__Stored data__.
=== Begin Enclosure ===
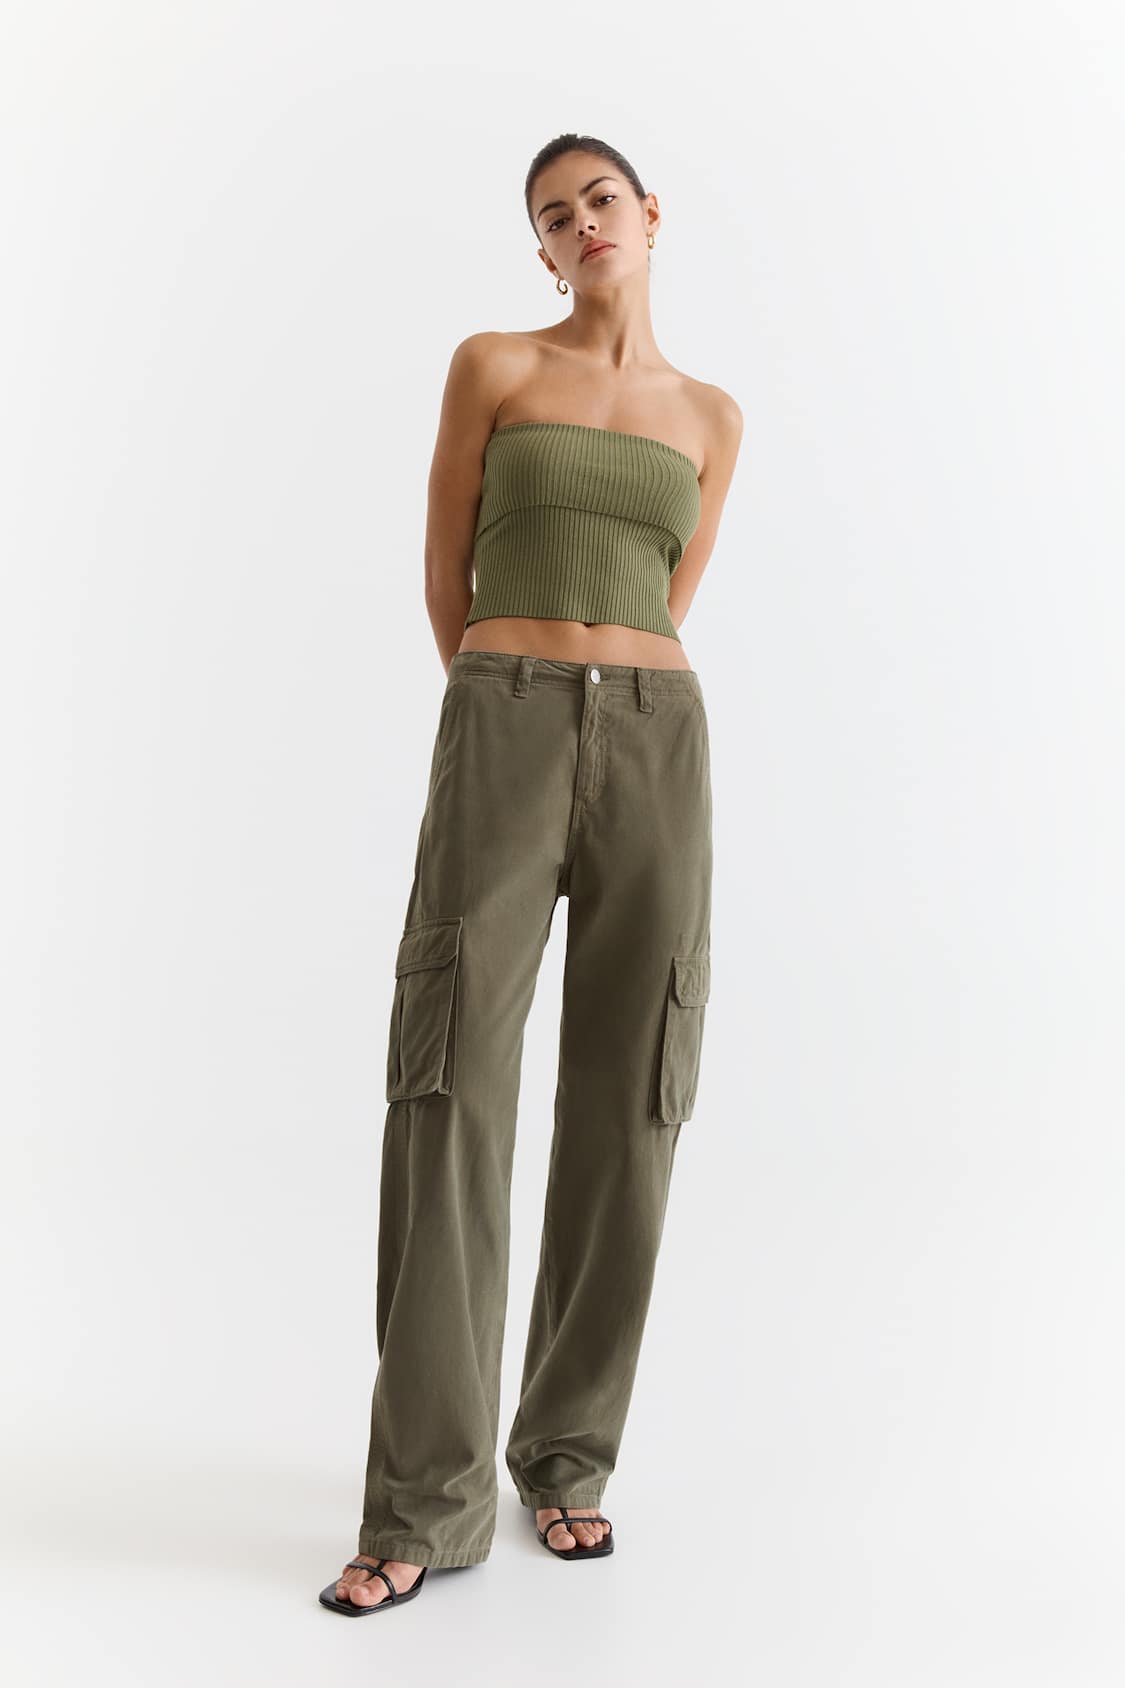 pantalon cargo verde militar - Daruma indumentaria
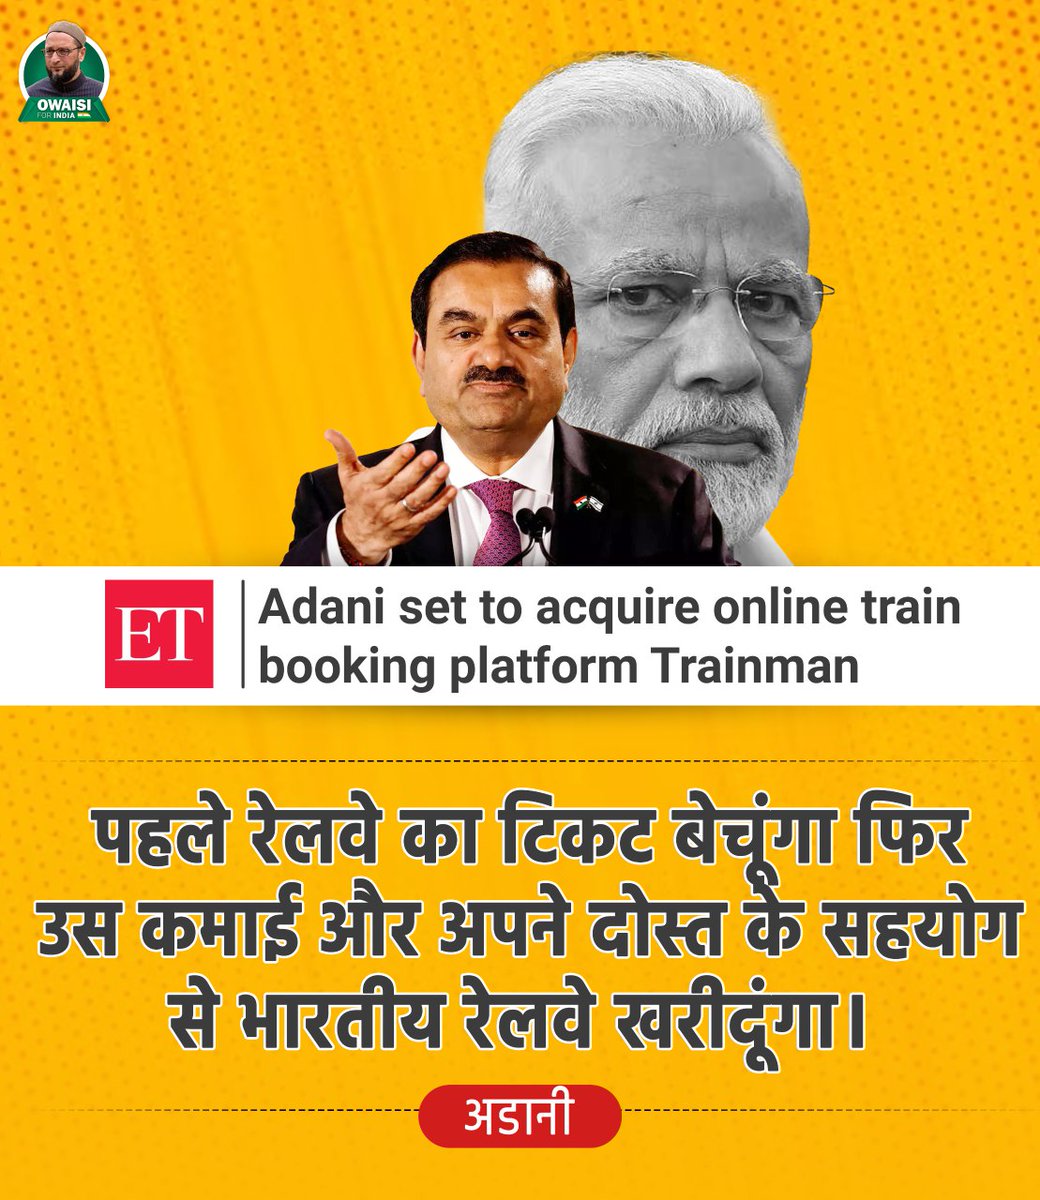 Adani set to acquire online Train booking platform Trainman 

#Adani #trainplatform #online #trainbooking #India
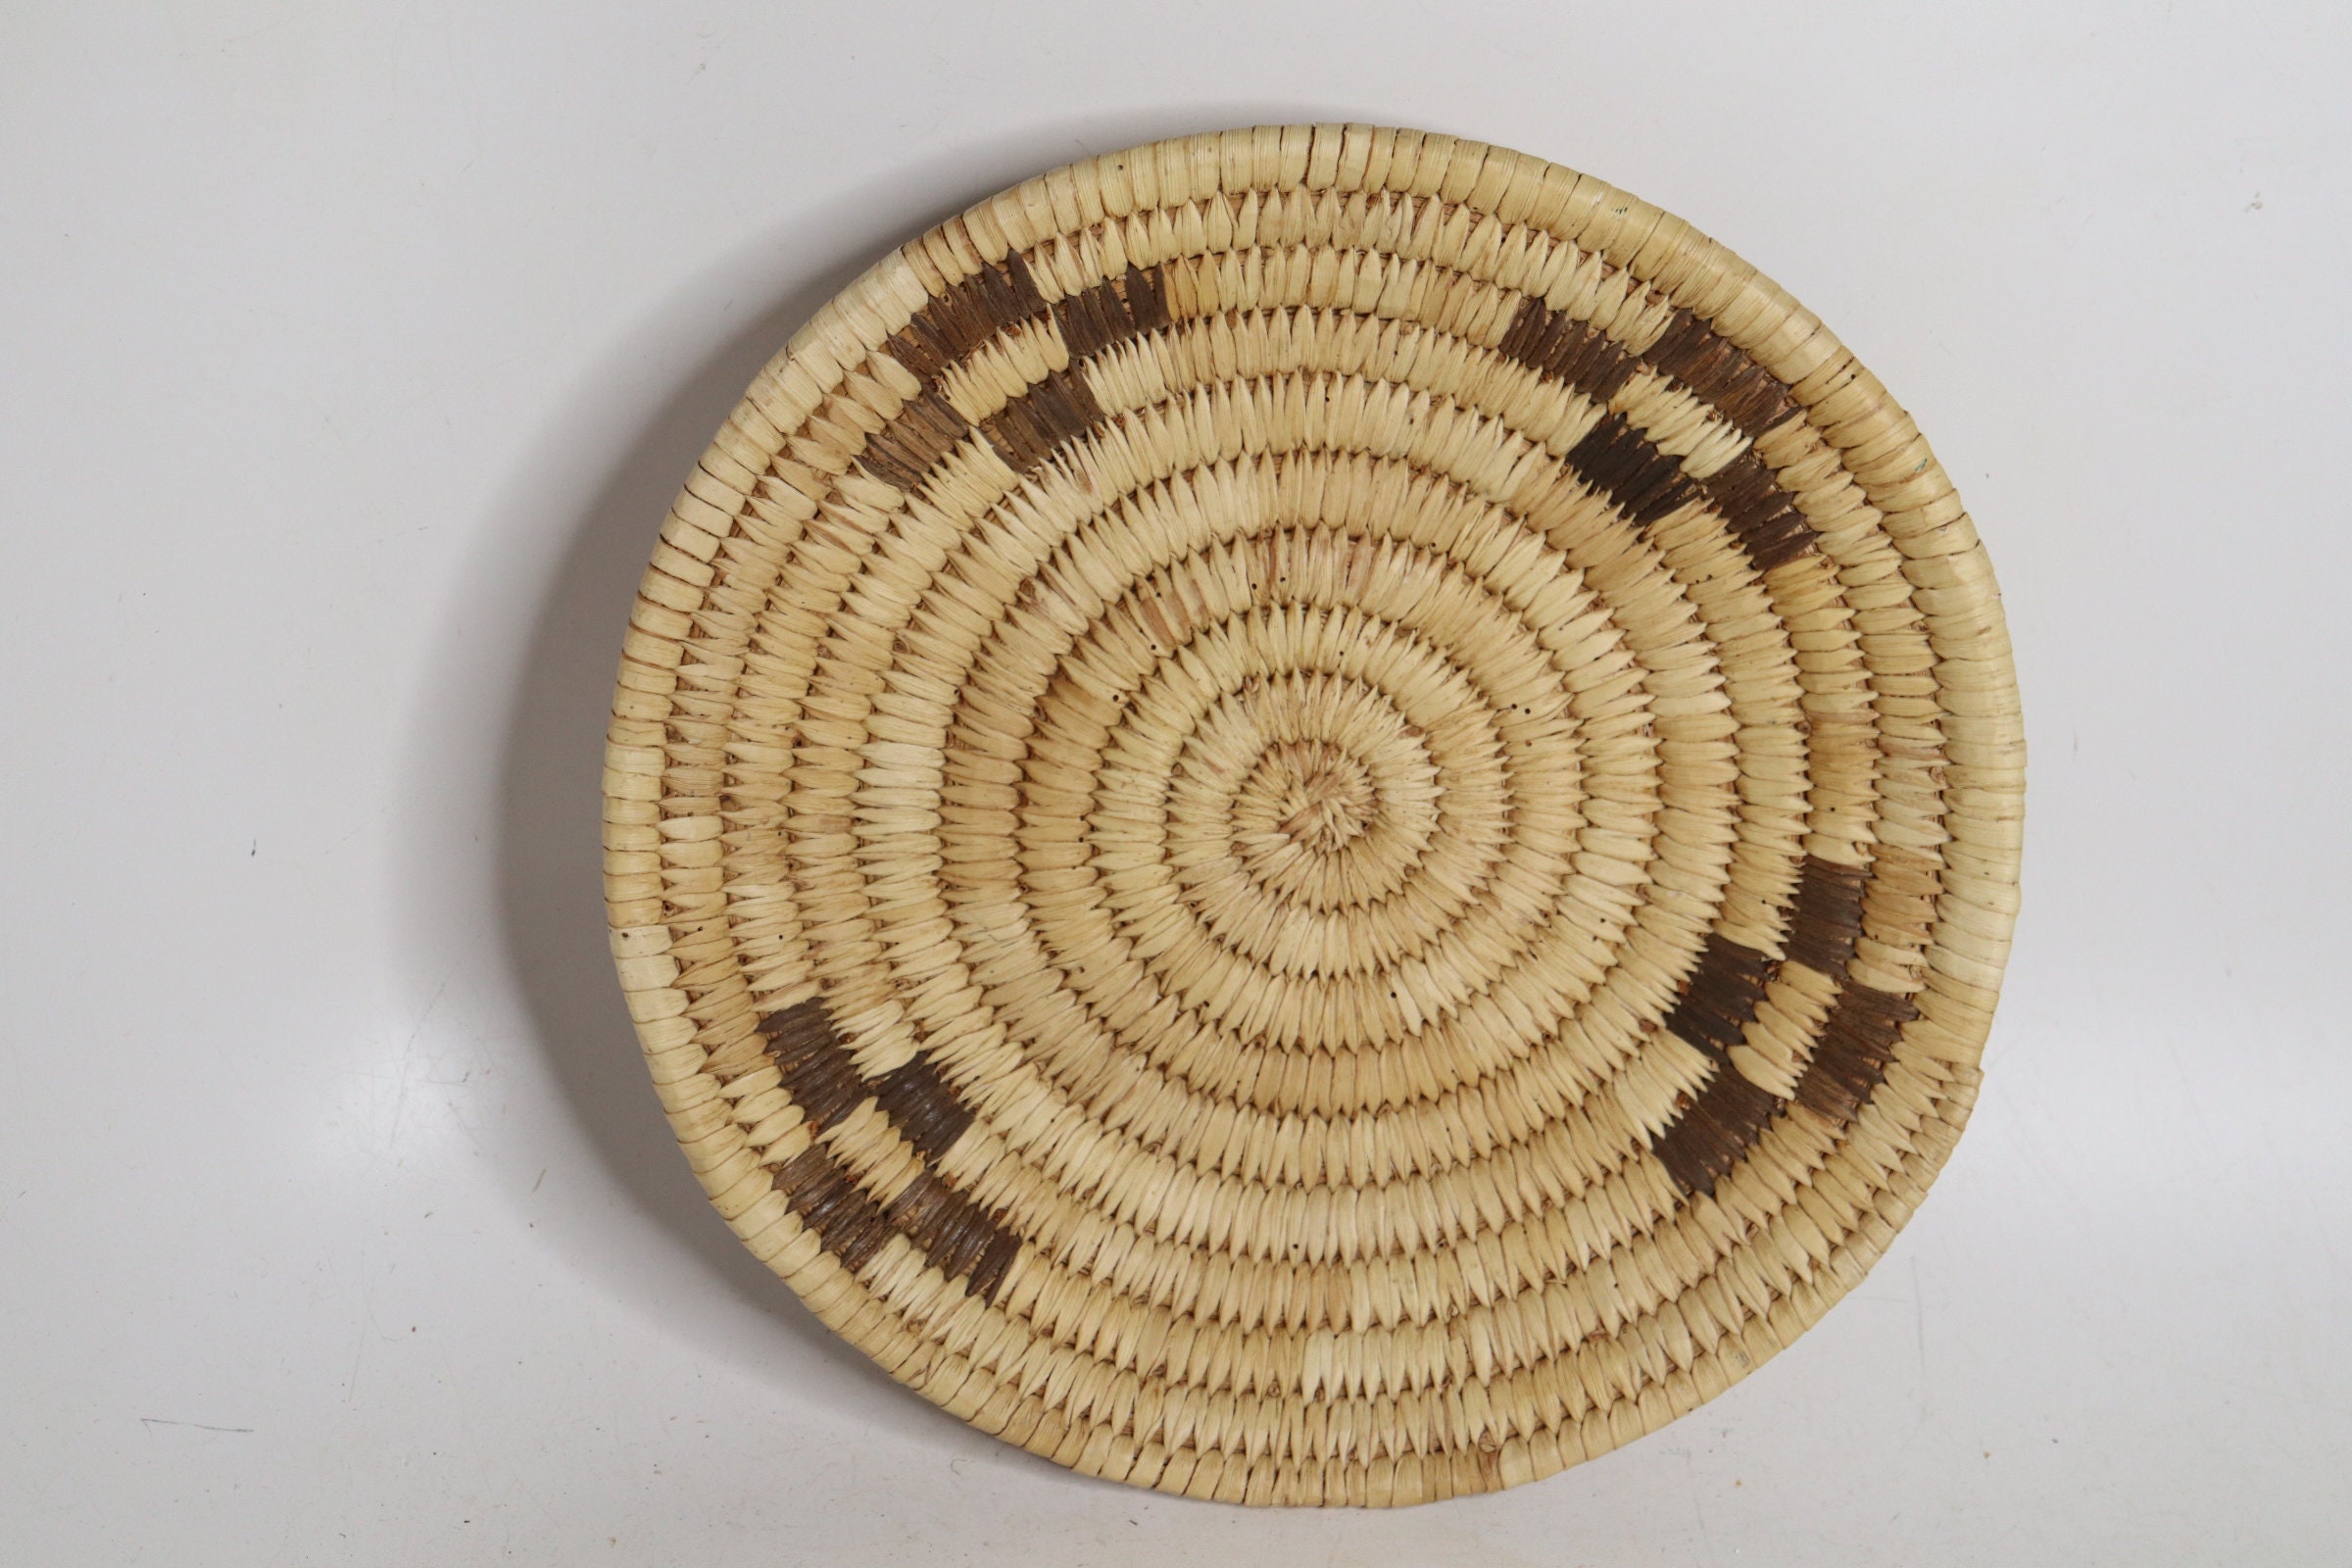 Small Native American Papago Tohono O'odham Two-Color Flat Basket
=== End Enclosure ===
__Aim of the exercise__. Every line of the material must be returned verbatim, and pictures must be left behind.

__Finished exercise__.
 pantalon cargo verde militar - Daruma indumentaria
 Adani set to acquire online Train booking platform Trainman 

#Adani #trainplatform #online #trainbooking #India
 Small Native American Papago Tohono O'odham Two-Color Flat Basket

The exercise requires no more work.